The labeled samples were resolved into 20 fractions with an Ultremex SCX column containing 5 μm particles (Phenomenex, USA). The eluted fractions were then desalted with a Strata X C18 column (Phenomenex, USA) and dried under vacuum [14].

2.5. LC-ESI-MS/MS Analysis Based on Q EXACTIVE

Each 20 SCX separated fraction was resuspended in buffer A (5% ACN, 0.1% FA). After mixing, solution was centrifuged and precipitation was collected. The supernatant was continually separated by LC-20AD nano HPLC (Shimadzu, Kyoto, Japan). Fractions were transferred into C18 column for gradient elution. Samples were first loaded at 8 μL/min for 4 min, followed by a gradient elution program: 0–4 min, 5% B (98% ACN, 0.1% FA); 4–48 min, 2%–35% B; 48–50 min, 35%–80% B; 50–54 min, 80% B; 54–55 min, 80%–5% B; the running speed was 300 nL/min.
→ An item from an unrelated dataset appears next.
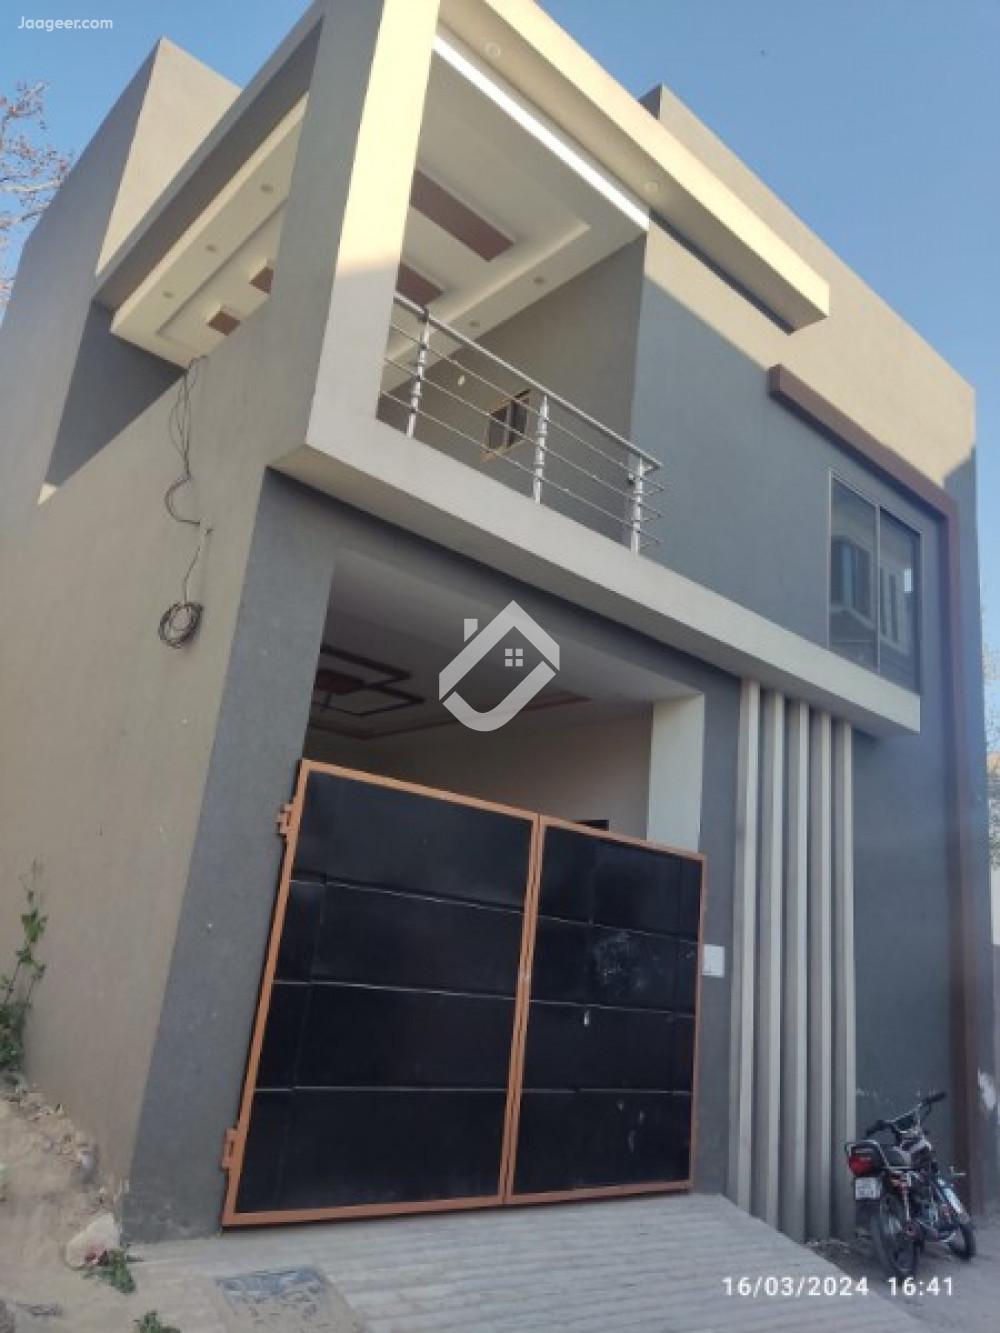 7 Marla House For Sale In Civil line in Civil Lines, Sheikhupura

The obtained peptides were subjected to nanoelectrospray ionization followed by tandem mass spectrometry (MS/MS) in an Q EXACTIVE (Thermo Fisher Scientific, San Jose, CA) coupled online to the HPLC. Program settings: peptides detect resolution, 70000; collision energy, 27 V; ion fragments detect resolution, 17500; electrospray voltage, 1.6 kV; m/z scan range for MS, 350 to 2000 Da; m/z scan range for MS2, 100–1800 Da.

2.6. Database Screening

Raw data was acquired from the Orbitrap and converted into MGF files with Proteome Discoverer 1.2 (PD 1.2, Thermo). The data was searched in MGF file. Proteins identification was performed with Mascot search engine (Matrix Science, London, UK; version 2.3.02) against database including 143,397 sequences (Homo sapiens, release-2014_12).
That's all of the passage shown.